さて、やはり70年代初期、写真家の篠山紀信氏が、雑誌『GORO』に、13歳の少女のヌード写真を掲げて社会問題に紛糾しそうになる直前期。

こちらも社会派の作家・野坂昭如氏が、歌手として「バージンブルース」という曲を発表して話題をさらった時期があった。「日の丸弁当ぶらさげて どこへいくのか ギンギラギン あなたもバージン あたしもバージン バージンブルース」と歌った野坂氏の、その歌詞の持つ衝撃性も強かったが、その曲もまた、歌謡映画として、内田栄一氏と藤田敏八監督(そしてヒロイン役も、『妹』に続いて秋吉久美子氏)によって映画化されている。

野坂昭如『バージンブルース』

その『バージンブルース』(1974年)劇中で、内田氏は主人公の中年男性に「俺はバージンを守る義務があるんだ」と言わせている。ここまでくれば、彼らが表現に用いた「妹」がなんであって、その存在を取り囲む大人たちがなんであるかは、もはや明確だろう。

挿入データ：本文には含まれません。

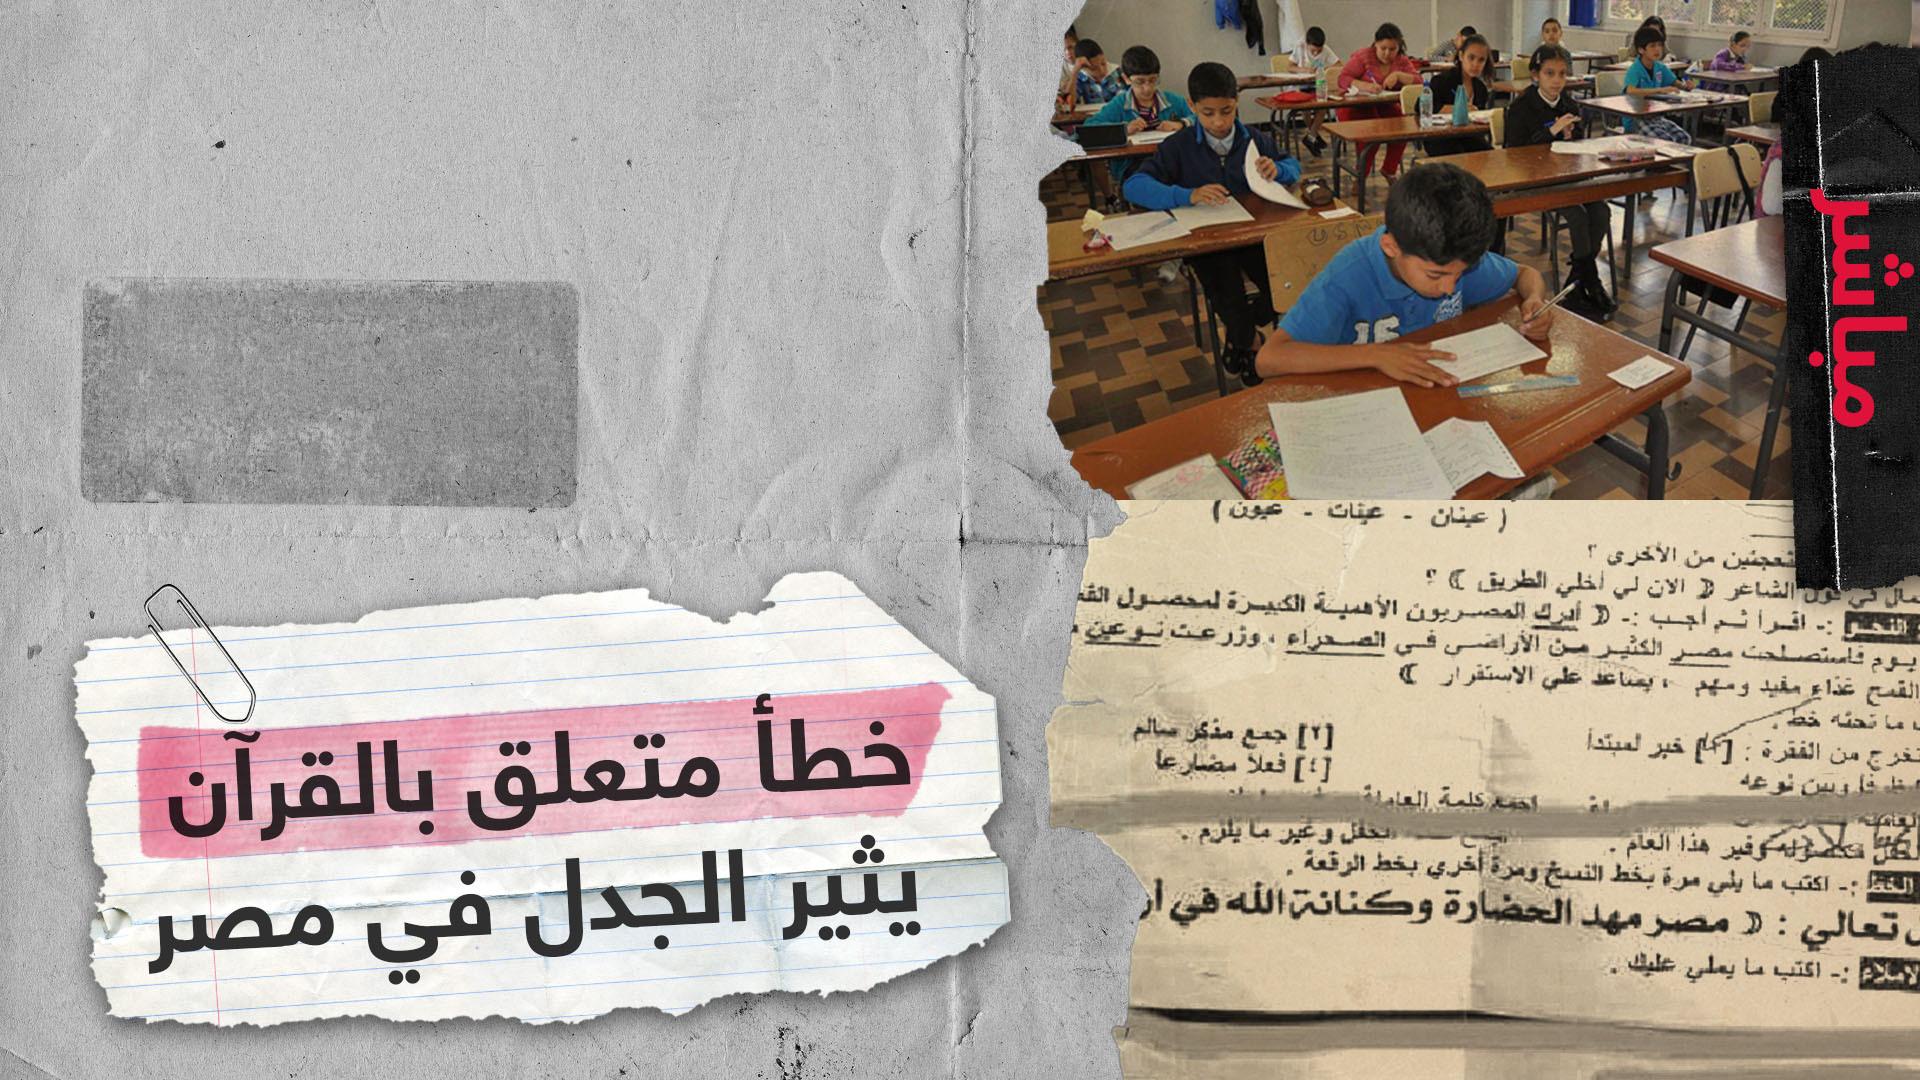 خطأ متعلق بالقرآن الكريم في امتحان يتسبب في جدل كبير بمصر

イデオロギー的にテンプレートで読み解くのであれば、中年男性と男性主権社会は、父権社会の象徴であり、それは「天皇陛下という父の下で、集い形成される、天皇制社会」言い換えるなら、戦前日本社会の象徴である。そして、そこでの女性は、天皇制によって蹂躙された、卑弥呼以下邪馬台国を当てはめてもよいし、男尊女卑の象徴として、日本原住民族やマイノリティをメタ的に背負わされることもある。
では、この場合「まだ社会に染まり切っていない少女」「守られ、育てられるべき妹」とは、それは果たして、佐々木守氏や内田栄一氏や野坂昭如氏(「そこ」に、『少女アリス』に詩を寄稿した谷川俊太郎氏を混ぜてもいいかもしれない)が、あの猛暑の8月15日に、玉音放送と入れ違いに夢に見た「本当の戦後民主主義」への想いの象徴であったのだとは、言えないだろうか?

一方「バージンブルース」を歌った野坂氏の、作家としての代表作を問われれば、いまやジブリアニメの影響で、誰もが知るところとなった『火垂るの墓』であろう。

高畑勲『火垂るの墓』

この作品も、戦争という国家と社会の残虐行為に、翻弄されて命を散らしていくことになる「幼い妹」を、なんとか救おうとして救えなかった、一人の少年の物語であった。その『火垂るの墓』の核の部分について、独文学者でもあり評論家でもある種村季弘氏は、1991年に『映画芸術』誌の『小川徹の妹さがし』なる文章でこう言及した。

ずばりいってしまおう。妹を探している。妹がいなくなってしまったのだ。ある世代に宿痾のように取り憑いてしまった喪失感を、とりあえずそういっておくしかない。三島由紀夫から野坂昭如にいたるまで例外ではない。実際に妹がいようがいまいが、それはどうでもいい。夭折や戦災死をしようがしまいが、それもどうでもいい。はじめから妹なんかいなかった、のだっていい。妹がいなくなってしまった、という表現でしかいいあらわせない。ある種の喪失感を抱えこんで数十年を生きてあるきまわった男がいる、ということをいいたいのである。

種村季弘 『小川徹の妹さがし』

戦後のインテリ、文化人にとって、「少女性の象徴としての妹」が、どう喪失感に見舞われて錯綜していたのかが、端的に現されている文章である。
前述の佐々木守氏は1968年のTVドラマ『怪奇大作戦』(1968年)『死神の子守歌』でも、不治の原爆症で死にゆく妹を、なんとか助けようとして、連続殺人を犯す科学者の青年を描いた。ここでもイノセンスな「妹」は、残虐な「戦争という現実」によって、罪無く命を奪われるだけの被害者であった。

大島渚、佐々木守、藤田敏八、内田栄一、篠山紀信、野坂昭如をはじめとして、70年安保に敗れ去ったインテリたちは、妹という存在の少女を探し、求め、そして決してその手を掴めないまま終わる「セカイ」を、描く方向へシフトしていった。